がんの治療は日々研究が進められています。がんの種類によっても治療法はさまざまで、異なる治療法が検討されます。

今回は、肺がんで検討したい治療法について解説します。肺がん患者さんやがん患者さんの親族に向けて、3大治療法と免疫療法について解説します。

ぜひ参考にご覧ください。

肺がんとは?


まずは、肺がんとはどのような病気か概要を紹介します。肺がんと一口にいっても、以下の種類(組織型)に分けられます。

組織分類 多く発生する場所 特徴
非小細胞肺がん 腺がん 肺野 肺がんの中で最も多い
扁平上皮がん 肺門(肺野部の発生頻度も高くなってきている) ・咳や血痰などの症状が現れやすい

・喫煙との関連が大きい

大細胞がん 肺野 増殖が速い
小細胞肺がん 小細胞がん 肺門・肺野ともに発生する ・増殖が速い

・転移しやすい

・喫煙との関連が大きい

肺がんの症状


次に肺がんの主な症状を紹介します。

肺がんは、初期段階では自覚症状がないことがほとんどです。肺がんが進行すると、以下に挙げるような症状が出ることが多いと言われています。

  • 血痰
  • 胸の痛み
  • 息苦しさ
  • 動悸
  • 発熱

など。

ただし場合によっては上記のような症状が出ないこともあります。また脳や骨などに転移すると、頭痛やふらつき、背中や肩の痛みなどの症状が出ることもあります。

肺がんのステージ


肺がんのステージ(病期)は、大きく4つに分けられます。

  • Ⅱ期(ステージ2)
  • Ⅲ期(ステージ3)
  • Ⅳ期(ステージ4)

 

ステージが上がっていくことは、がんの進行を意味します。ステージはTNMと呼ばれる3つの要素で決められます。

T:がんの腫瘍そのものの状態を示す

N:がんのリンパ節への広がりを示す

M:がんが他の臓器などに転移しているかを示す

ステージによって検討・確認できる2つのこと

ステージによって検討・確認できる2つのことは、以下の通りです。

  • 治療方針
  • 予後(5年生存率)

治療方針

続いては、治療方針を紹介します。

治療方針は、ステージの他にも治療を受ける方の希望や年齢、体調などさまざまなことを加味して担当の医師と決めます。

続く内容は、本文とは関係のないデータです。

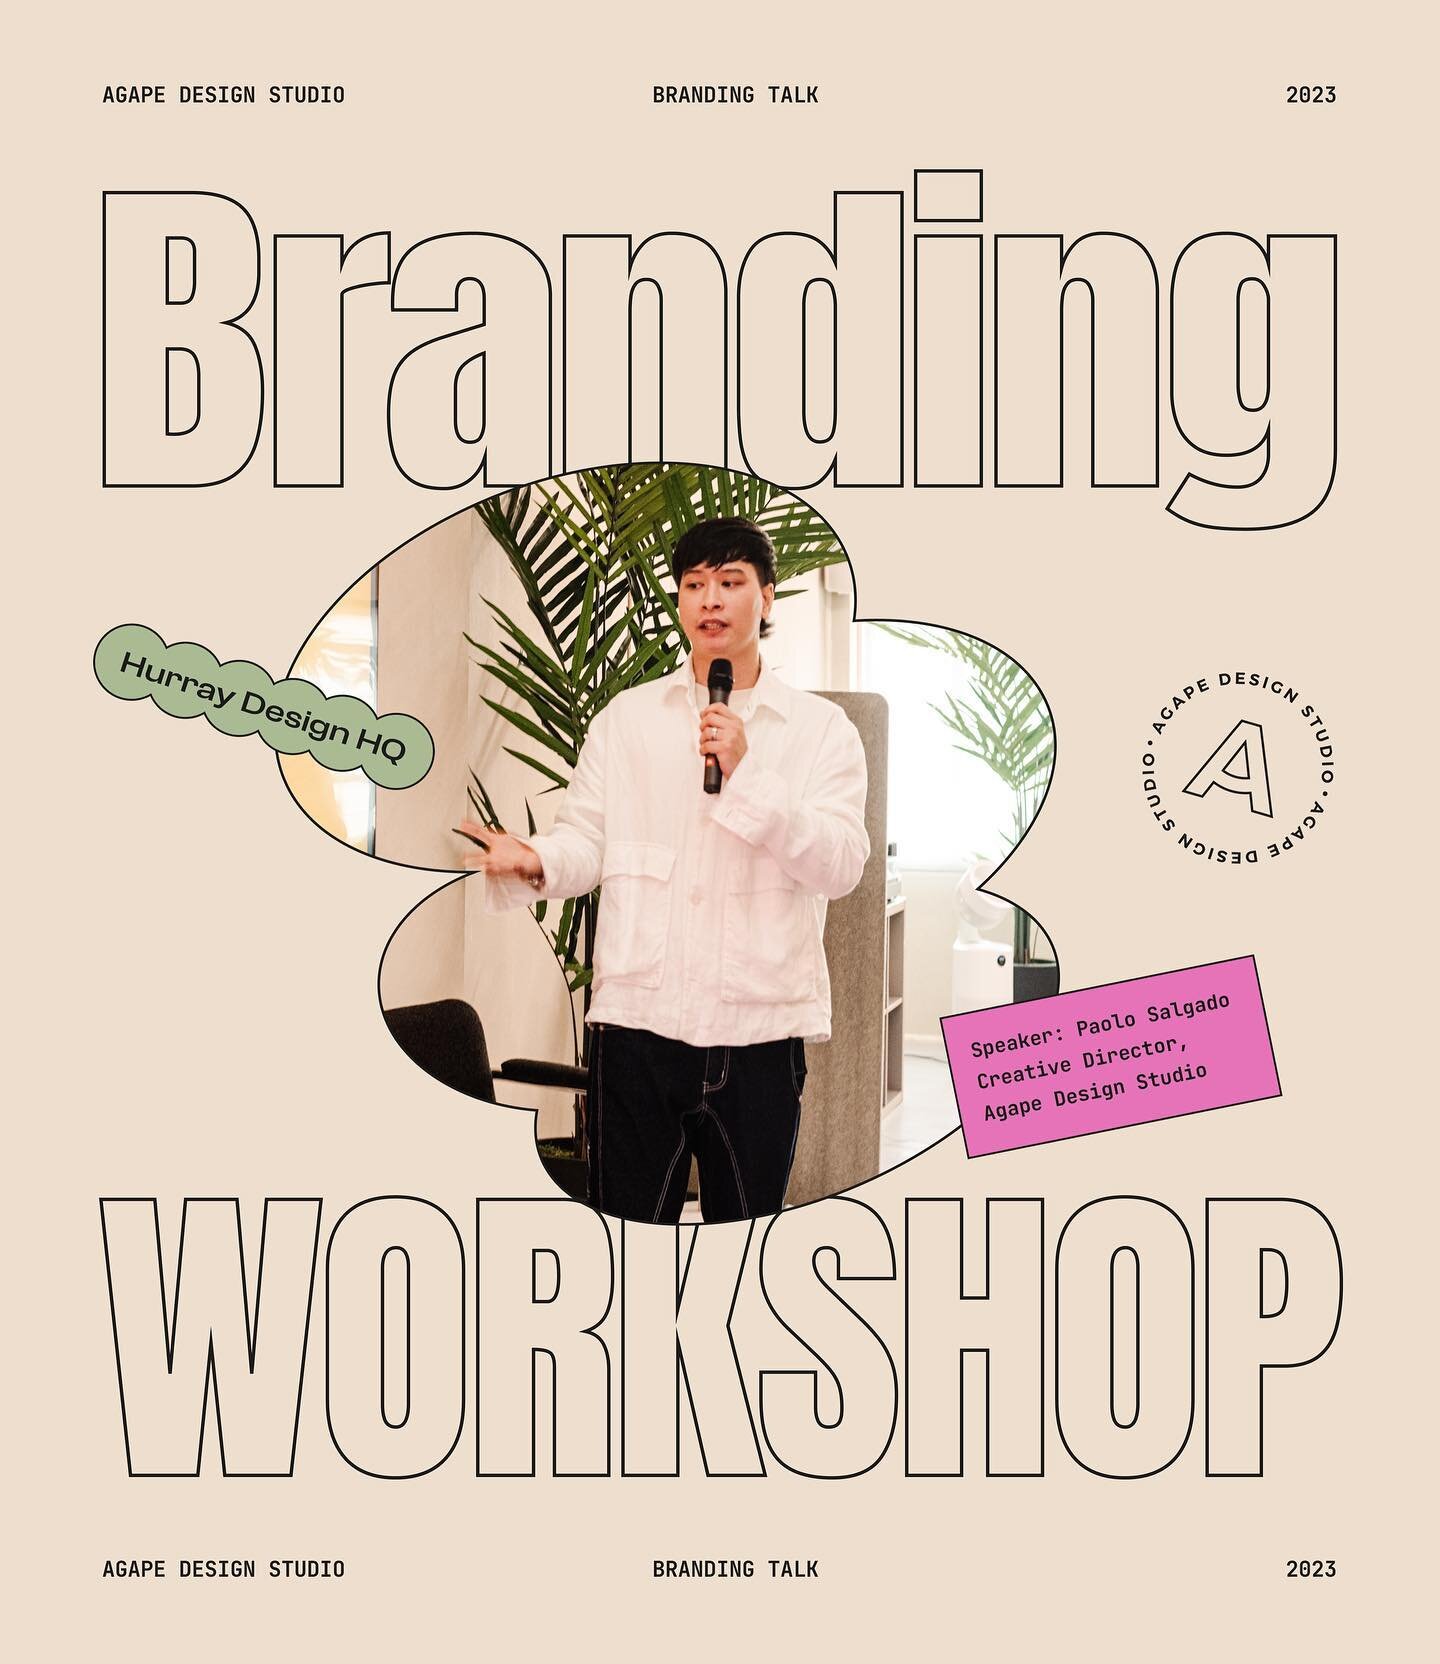 One of Agape&rsquo;s highlights last year was conducting a branding workshop with one of our clients/collaborators: @hurraydesign_ 

It was a fun morning of discussion around branding - how it adds meaning to a product or service, and how we can use

その中でもステージは治療方針を決める上で重要な要素の一つです。一般的に、ステージごとに以下の治療の選択肢が検討されることが多いです。

ですが、これらはあくまで一般的な話であり、患者さんごとに個人差があります。

ステージ1~3:手術療法

ステージ3:放射線療法・薬物療法

ステージ4:薬物療法

予後(5年生存率)

5年生存率とは何か、概要を紹介します。肺がん全体の5年生存率(ネット・サバイバー)を見ていきましょう。

  • ステージ1:81.5%
  • ステージ2:51.0%
  • ステージ3:28.6%
  • ステージ4:8.0%

(参考:がん情報サービス 院内がん登録生存率集計結果閲覧システム

肺がんの3大治療法


肺がんの3大治療法について解説します。

肺がんの種類やステージによって治療の方針や選択肢は変わります。また、いくつかの治療法を組み合わせることも多く、これを集学的治療と呼びます。

次章以降でそれぞれの治療法について詳しく見ていきましょう。

手術療法

肺がんの3大治療法の1つ目は、手術療法です。

肺がんにおける手術療法について概要や特徴を紹介します。非小細胞肺がんの場合は、ステージ1〜3で手術できる場合に選択されるケースが多くあります。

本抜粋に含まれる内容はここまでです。